(Source records Opens)
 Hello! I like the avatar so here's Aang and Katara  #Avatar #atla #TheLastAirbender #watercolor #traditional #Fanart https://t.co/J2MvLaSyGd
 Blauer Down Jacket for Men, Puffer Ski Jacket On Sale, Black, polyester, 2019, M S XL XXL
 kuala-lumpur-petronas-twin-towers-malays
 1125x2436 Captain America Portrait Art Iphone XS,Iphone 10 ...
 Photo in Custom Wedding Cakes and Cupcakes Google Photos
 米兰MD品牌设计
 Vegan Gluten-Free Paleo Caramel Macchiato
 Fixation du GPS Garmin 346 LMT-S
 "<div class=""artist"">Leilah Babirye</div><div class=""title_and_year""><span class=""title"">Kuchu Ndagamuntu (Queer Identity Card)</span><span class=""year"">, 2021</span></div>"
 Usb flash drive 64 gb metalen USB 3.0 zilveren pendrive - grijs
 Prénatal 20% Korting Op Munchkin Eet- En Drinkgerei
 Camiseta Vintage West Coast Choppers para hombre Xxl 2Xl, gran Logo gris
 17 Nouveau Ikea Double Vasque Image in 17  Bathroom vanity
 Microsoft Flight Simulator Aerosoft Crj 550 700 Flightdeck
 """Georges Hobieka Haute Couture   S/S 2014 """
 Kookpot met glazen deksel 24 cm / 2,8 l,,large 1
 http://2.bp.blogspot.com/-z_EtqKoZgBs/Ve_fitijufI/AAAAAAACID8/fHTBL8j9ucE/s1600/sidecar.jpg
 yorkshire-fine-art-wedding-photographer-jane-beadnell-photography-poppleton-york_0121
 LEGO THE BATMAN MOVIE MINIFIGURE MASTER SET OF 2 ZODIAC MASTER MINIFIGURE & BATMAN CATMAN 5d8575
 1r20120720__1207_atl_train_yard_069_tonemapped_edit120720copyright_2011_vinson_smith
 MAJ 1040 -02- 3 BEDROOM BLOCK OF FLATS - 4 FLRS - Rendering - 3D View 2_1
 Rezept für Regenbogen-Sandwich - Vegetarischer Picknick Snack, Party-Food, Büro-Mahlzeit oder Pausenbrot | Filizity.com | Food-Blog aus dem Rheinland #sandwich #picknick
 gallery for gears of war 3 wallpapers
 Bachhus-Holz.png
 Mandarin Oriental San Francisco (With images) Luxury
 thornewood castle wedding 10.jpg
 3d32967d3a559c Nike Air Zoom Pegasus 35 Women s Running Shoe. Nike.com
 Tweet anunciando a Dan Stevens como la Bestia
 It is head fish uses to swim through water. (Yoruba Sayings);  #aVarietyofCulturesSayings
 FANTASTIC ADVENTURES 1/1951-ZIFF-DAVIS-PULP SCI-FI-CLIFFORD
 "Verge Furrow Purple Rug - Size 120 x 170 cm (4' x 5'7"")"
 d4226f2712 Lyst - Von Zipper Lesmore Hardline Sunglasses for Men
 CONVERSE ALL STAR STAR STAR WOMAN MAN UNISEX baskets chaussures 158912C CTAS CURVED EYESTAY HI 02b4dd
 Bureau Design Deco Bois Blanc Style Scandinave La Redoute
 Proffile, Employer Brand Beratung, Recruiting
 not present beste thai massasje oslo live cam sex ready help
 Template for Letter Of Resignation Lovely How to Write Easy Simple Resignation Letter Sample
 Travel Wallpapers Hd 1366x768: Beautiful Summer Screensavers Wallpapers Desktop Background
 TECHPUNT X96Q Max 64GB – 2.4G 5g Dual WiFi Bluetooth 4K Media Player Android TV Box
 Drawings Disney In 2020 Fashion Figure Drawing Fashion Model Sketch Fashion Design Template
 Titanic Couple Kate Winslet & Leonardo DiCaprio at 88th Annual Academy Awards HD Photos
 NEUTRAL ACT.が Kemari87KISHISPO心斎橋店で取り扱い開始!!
(Source records Closes)
**Exercise instructions**
Look for the line with "Titanic Couple Kate" in the listing above. Print it and each later line exactly, ending with the last line.

**Reply**
 Titanic Couple Kate Winslet & Leonardo DiCaprio at 88th Annual Academy Awards HD Photos
 NEUTRAL ACT.が Kemari87KISHISPO心斎橋店で取り扱い開始!!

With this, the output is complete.